TensorFleet proves that sophisticated distributed machine learning infrastructure can be both powerful and accessible. By leveraging modern technologies and architectural patterns, the platform successfully bridges the gap between research-grade ML capabilities and production-ready infrastructure, enabling organizations to harness the full potential of distributed machine learning.
The TensorFleet project was developed by a team of three dedicated students, each taking ownership of critical components of the distributed ML platform:
| Team Member | Student ID | Role | Contributions |
|---|---|---|---|
| Aditya Suryawanshi | 25211365 | Backend Infrastructure Lead | API Gateway, Orchestrator, Worker Nodes, gRPC Infrastructure |
| Rahul Mirashi | 25211365 | ML & Data Services Lead | ML Worker, Model Service, Storage Service, MongoDB Integration |
| Soham Maji | 25204731 | Frontend & Monitoring Lead | React Dashboard, Monitoring Service, Documentation, DevOps |
Primary Responsibilities: Core orchestration, job scheduling, and distributed computing infrastructure
Key Contributions:
- Designed and implemented the API Gateway service using Go and Gin framework (~500-600 LOC)
- Built the Orchestrator Service with advanced job scheduling and worker management (~800-1000 LOC)
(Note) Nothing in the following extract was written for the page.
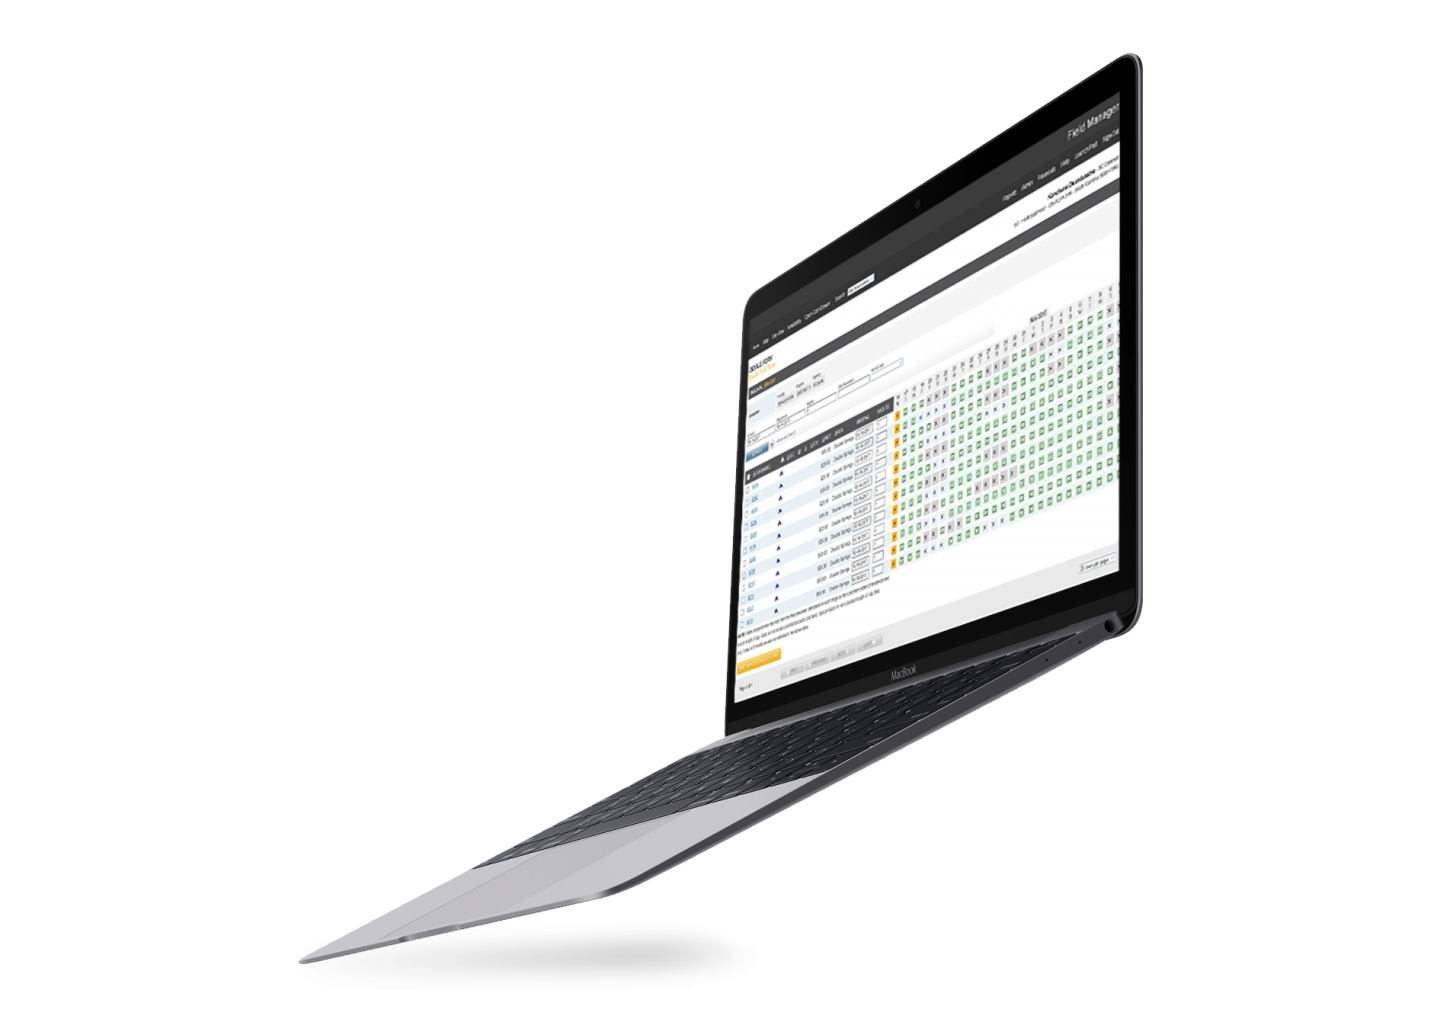 Software demonstration on a macbook

- Developed the Worker Service for distributed task execution (~400-500 LOC)
- Implemented gRPC service contracts and protocol buffer definitions
- Established Redis integration for job queuing and caching
- Created comprehensive unit and integration tests for Go services
- Documented backend architecture and API specifications
Technical Skills Applied: Go, gRPC, Redis, Microservices Architecture, Distributed Systems
Primary Responsibilities: Machine learning execution, data management, and model registry
Key Contributions:
- Developed the ML Worker Service with support for multiple algorithms (~1200-1500 LOC)
- Implemented scikit-learn and TensorFlow model training pipelines
- Built the Model Service for model registry and versioning (~350-400 LOC)
- Created the Storage Service with MinIO integration (~500-600 LOC)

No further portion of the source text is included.